The first way to keep stress to a minimum is to start looking at colleges at the earliest opportunity. Looking for a college isn't a one-and-done process. On the contrary, it can take up to a few weeks or even month sorting through your options. Each college differs in various ways ranging from location to the degrees they offer. It requires a lot of research on your behalf, so it's important not to rush anything. Time management is also key because there are a few of the best private colleges that only accept applications for a limited time. Although we do encourage you to take your time, you must remain diligent and not wait too long. The longer you wait, the less likely there will be space left in the classes you need to take. Starting as early as possible gives you time to get your important documents in order and figure out what to do once you've finally chosen. 

Apply for a Scholarship

If there's one thing that can cause an unnecessary amount of stress, it's certainly the financial aspect. It's pretty common knowledge that pursuing a degree of any kind is going to cost you a fair share of money. Not only that, you then have to worry about paying back the student loan debt once you graduate. Or do you? You see, there's more than one way to finance a college education aside from a student loan. One method can let you attend college and not have to pay anything. scholarship. Like student loans, there are various scholarships to choose from. More specifically, there are various options that offer partial or full payment of your tuition.

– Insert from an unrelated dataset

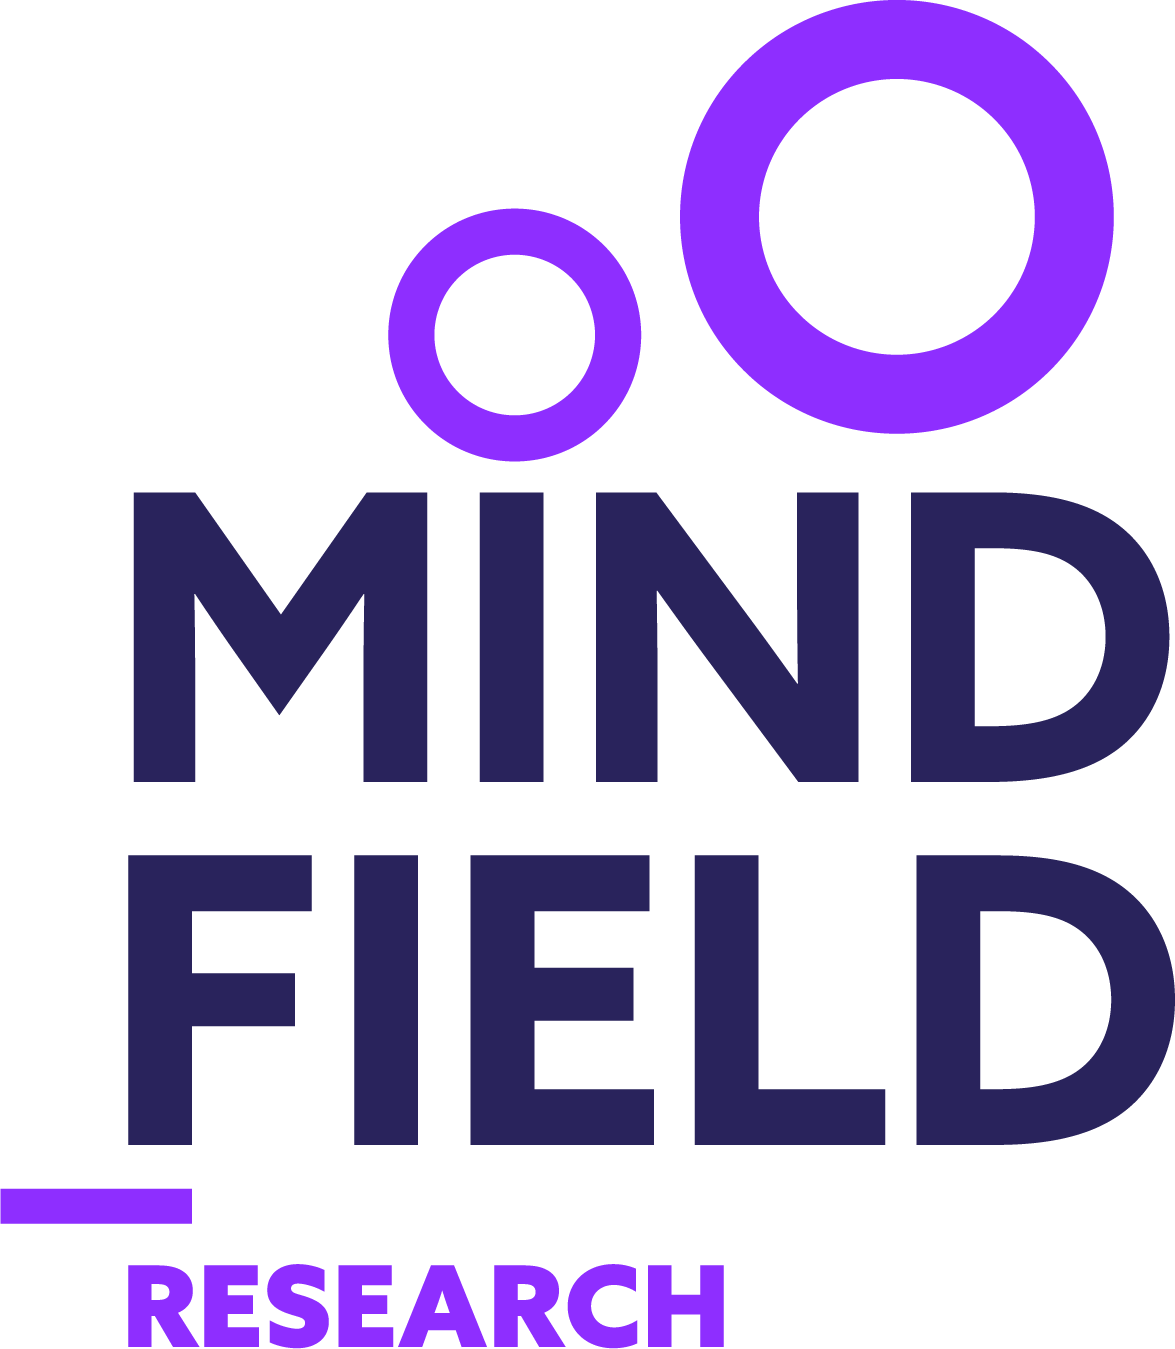 Mindfield Research

Online search and application platforms let you filter out your specific needs, which can help you easily find what you're looking for. One thing to note, however, is that there's a specific difference you need to remember. Some scholarships are based on merit while others are based financial hardship. If you choose the latter, you may need proper documentation to prove you're in need. That said, you can also inquire at the college you want to attend. They should be able to guide you in the right direction and help you make a decision. If you're still struggling on finding a suitable option, why not ask your parent or advisor for help? They can help you assess everything, so you have a better idea on what to look for in a scholarship.

Put Your Mental Health First

Stress is notorious for causing all sorts of problems, but one of the most detrimental issues is how it can eat away at your mental health. Being a bad frame of mind can lead to you being overwhelmed easily, make you more anxiety-ridden, and even cause depression. If you're stressed about choosing a college, it can be tempting to stay up late at night trying to figure out which one is best for you. However, a lack of sleep can have a negative on how you think and perform during stressful situations.

Don't Be Afraid to Take Breaks

With all the hard work that's involved with finding a college and getting everything in order, you'll need all the rest you can get. Although it seems like a good idea to push through no matter what, doing so can be very bad for your overall health. That's why it's very important for you to take a break whenever you need to. Breaks let you unwind and de-stress before jumping back into the fray. You can spend it doing your favorite hobby, taking a walk or simply just kicking your feet up and relaxing. Do whatever helps you take a breather and resume when you're ready. This coping strategy can help you decrease stress while studying once you become a student too. This will be a continually important theme throughout your entire college career.